Cite as: https://hdl.handle.net/11858/00-001M-0000-0013-BDD0-6
Abstract
Reinforcement learning for partially observable Markov decision problems (POMDPs) is a challenge as it requires policies with an internal state. Traditional approaches suffer significantly from this shortcoming and usually make strong assumptions on the problem domain such as perfect system models, state-estimators and a Markovian hidden system. Recurrent neural networks (RNNs) offer a natural framework for dealing with policy learning using hidden state and require only few limiting assumptions. As they can be trained well using gradient descent, they are suited for policy gradient approaches.
In this paper, we present a policy gradient method, the Recurrent Policy Gradient which constitutes a model-free reinforcement learning method.

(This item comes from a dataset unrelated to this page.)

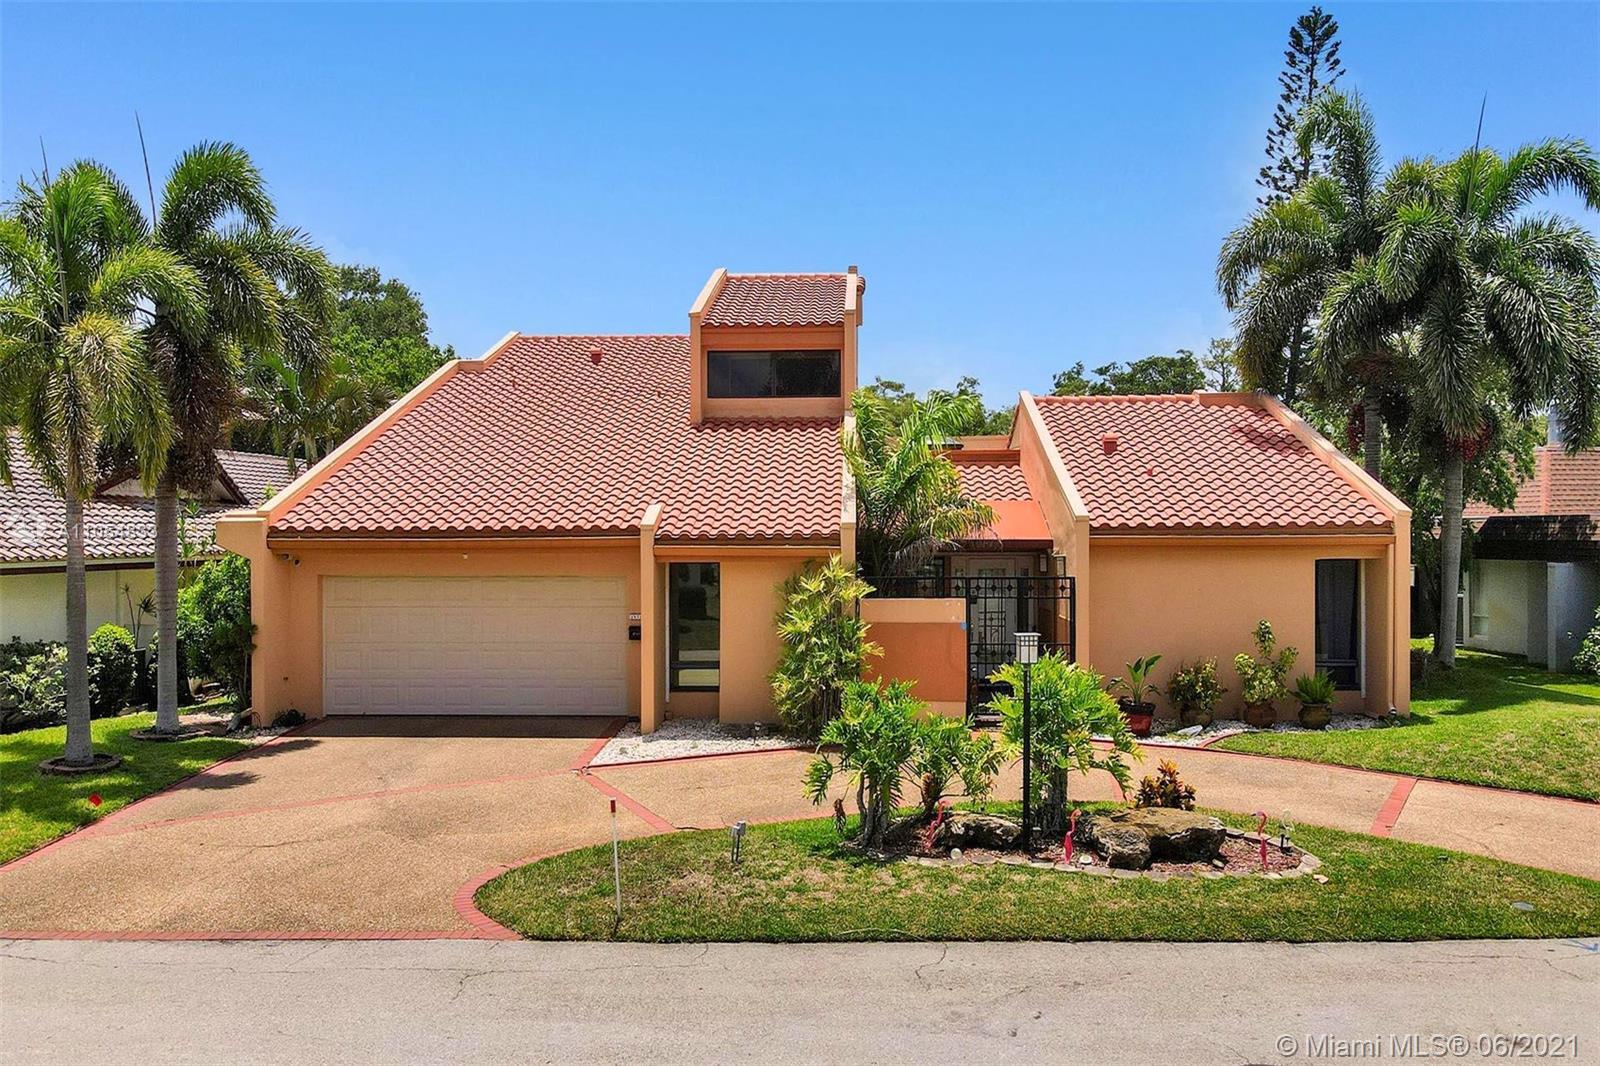 Property for sale at 4813 Banyan Ln, Tamarac,  Florida 33319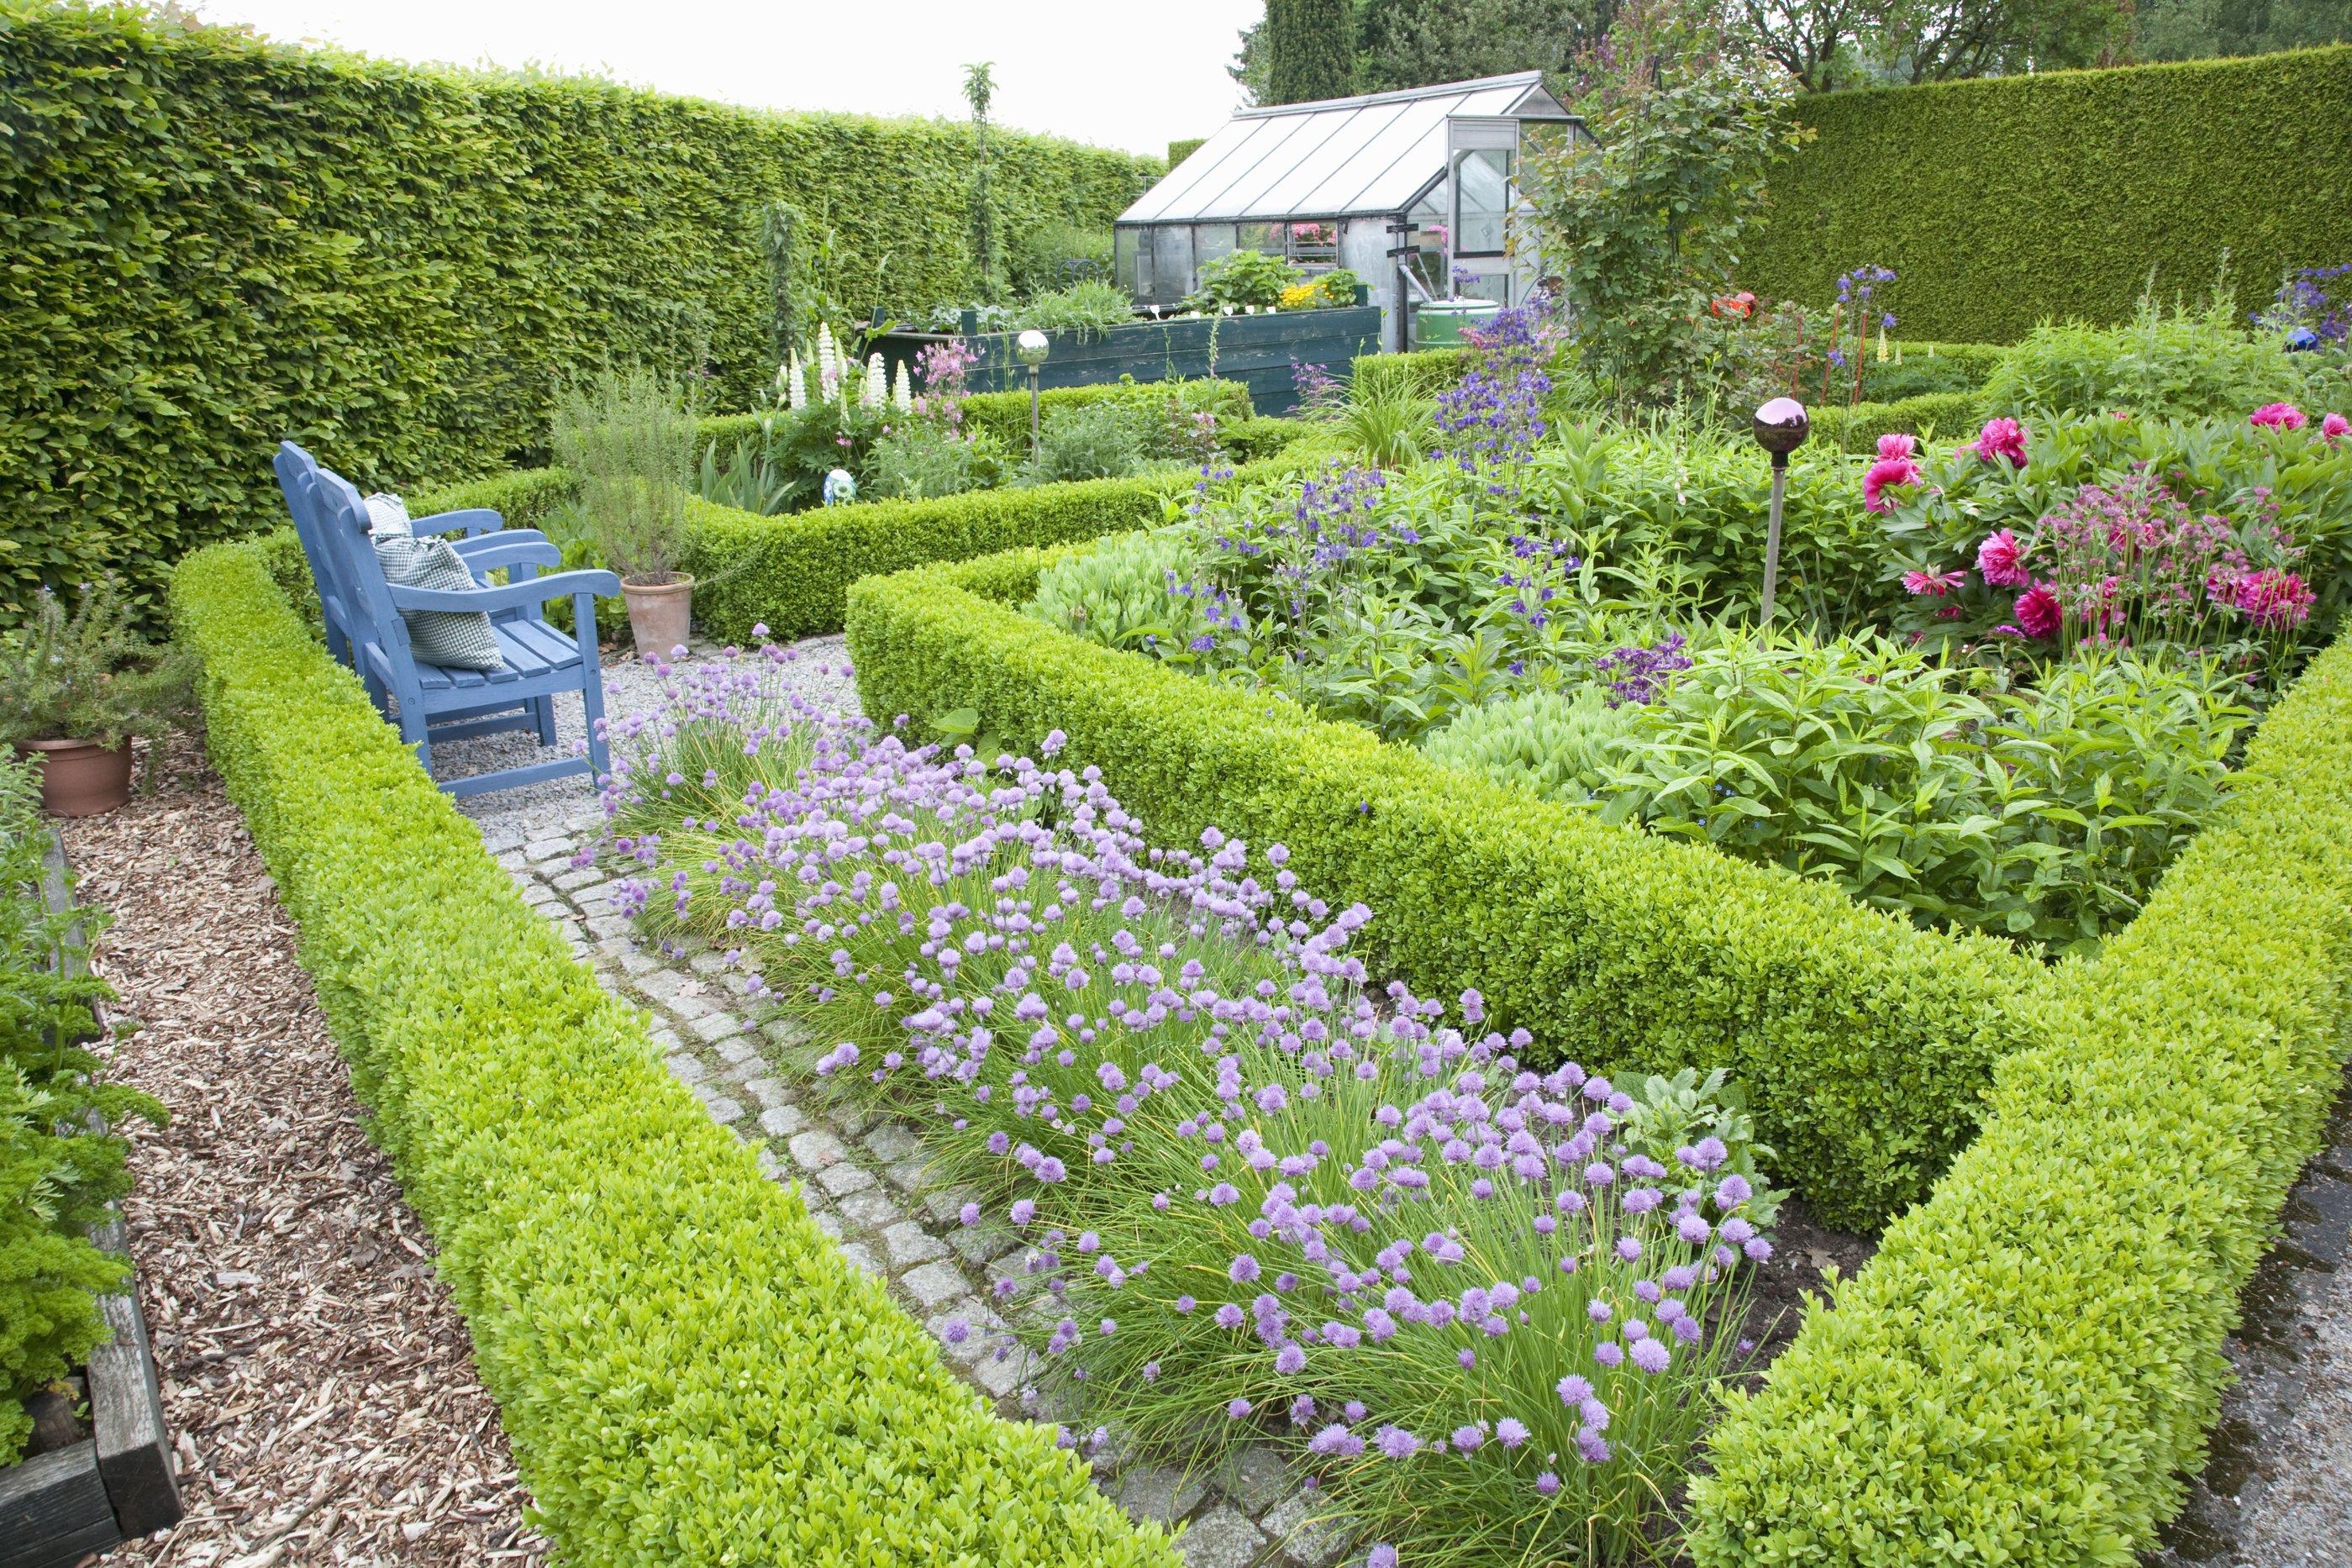 38516-fagus-beech-boxwood-buxus-hedge-country-knot-garden.jpg

It is aimed at training limited-memory stochastic policies on problems which require long-term memories of past observations. The approach involves approximating a policy gradient for a recurrent neural network by backpropagating return-weighted characteristic eligibilities through time. Using a ‘‘Long Short-Term Memory’’ RNN architecture, we are able to outperform previous RL methods on three important benchmark tasks. Furthermore, we show that using history-dependent baselines helps reducing estimation variance significantly, thus enabling our approach to tackle more challenging, highly stochastic environments.